The failure involved a storage tank that contained approximately 900,000 gallons (3.4 million liters) of what officials identified as "white liquor" - a chemical mixture of sodium hydroxide and sodium sulfide that is used in the manufacture of paper pulp. Tests conducted after the rupture confirmed that contamination reached the nearby Columbia River, according to officials. At the same time, those officials said no "negative health impacts" had been observed in air quality testing or in the drinking water supplied to the city of Longview.

The tank imploded at a facility operated by Nippon Dynawave Packaging. Nippon Paper Industries, which is Japan’s second-largest paper manufacturer by sales, bought the Longview plant from Seattle-based timber company Weyerhaeuser for $225 million and established Nippon Dynawave Packaging as a wholly owned subsidiary in 2016.

Market information included with the incident report showed a share price snapshot for Nippon Paper Industries under the code 3863, indicating a close at 1,259.00 JPY, a decline of 108.0 JPY, or 7.90 percent, on a reported close of 29/05.

Officials have not reported any detected negative effects to public health from the tests performed to date, but the confirmation that chemical contamination entered the Columbia River underscores an ongoing environmental and operational concern for the plant and local authorities. The recovery work and subsequent testing indicate a multifaceted response involving on-site debris removal, aerial inspection, and environmental monitoring.

No further specifics were provided about the identities of the victims, the cause of the tank’s implosion, or any timeline for the plant’s future operations.
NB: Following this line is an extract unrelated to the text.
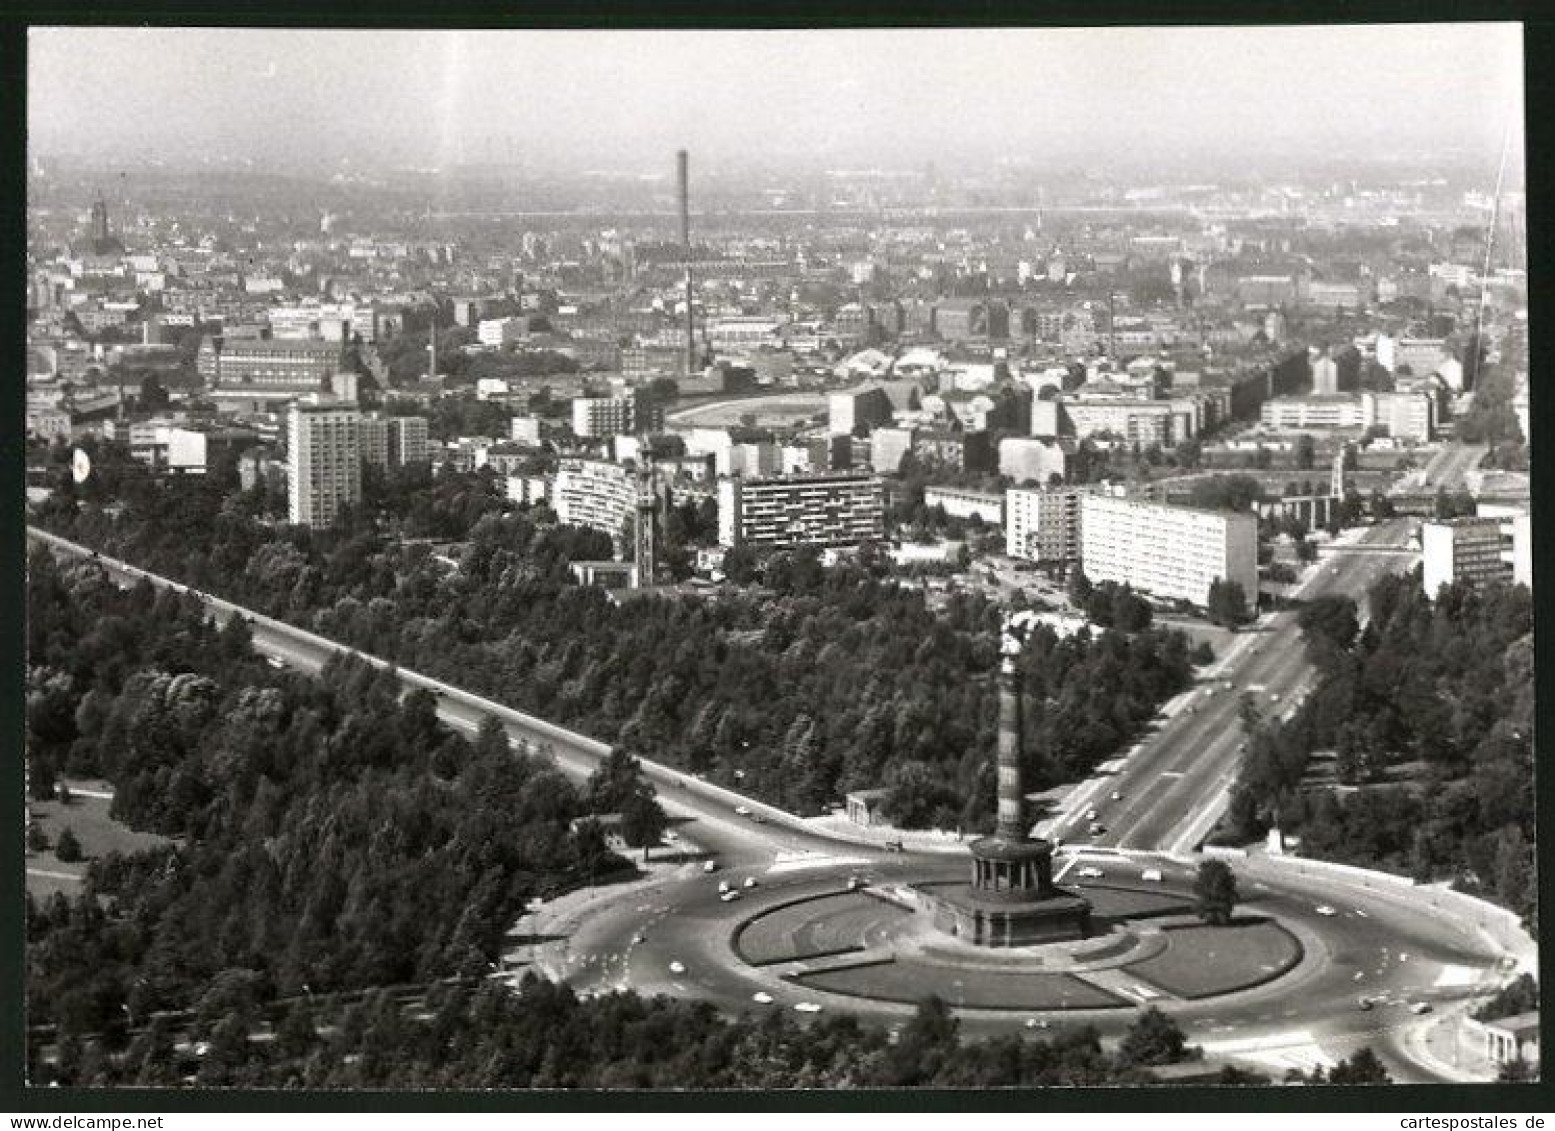 Fotografie Unbekannter Fotograf, Ansicht Berlin, Luftaufnahme Der Siegessäule & Hansa-Viertel 1964  - Orte
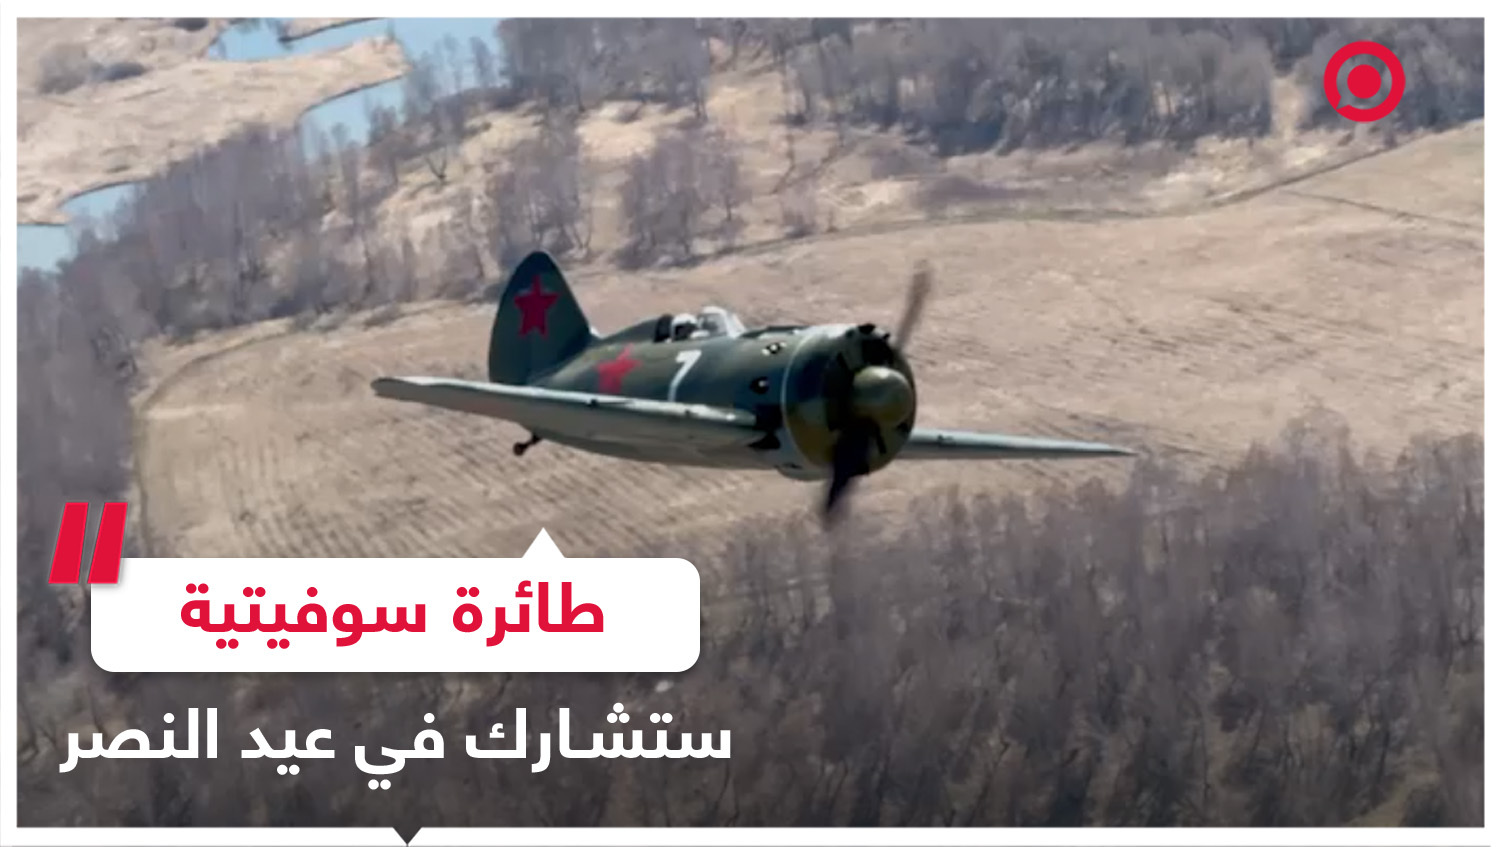 طائرة سوفيتية من الحرب العالمية الثانية تشارك في احتفالات عيد النصر

Authorities described the recovery as complete once the nine missing people were found and the total of 11 fatalities was confirmed.


Summary

All nine previously missing people have been recovered following a chemical tank implosion at a Nippon Dynawave Packaging facility in Washington, bringing the confirmed deaths to 11. The tank held about 900,000 gallons of white liquor used in pulp production. Tests found contamination had entered the Columbia River, but officials reported no negative health impacts on air or Longview’s drinking water.

Risks

  • Environmental contamination risk - tests confirmed chemical entry into the Columbia River, posing potential ecosystem and downstream water-quality concerns for the region (impacts on the environment and water management sectors).
  • Operational and reputational risk for the plant operator and parent company following a fatal industrial accident and confirmed contamination (impacts on paper manufacturing and industrial operations sectors).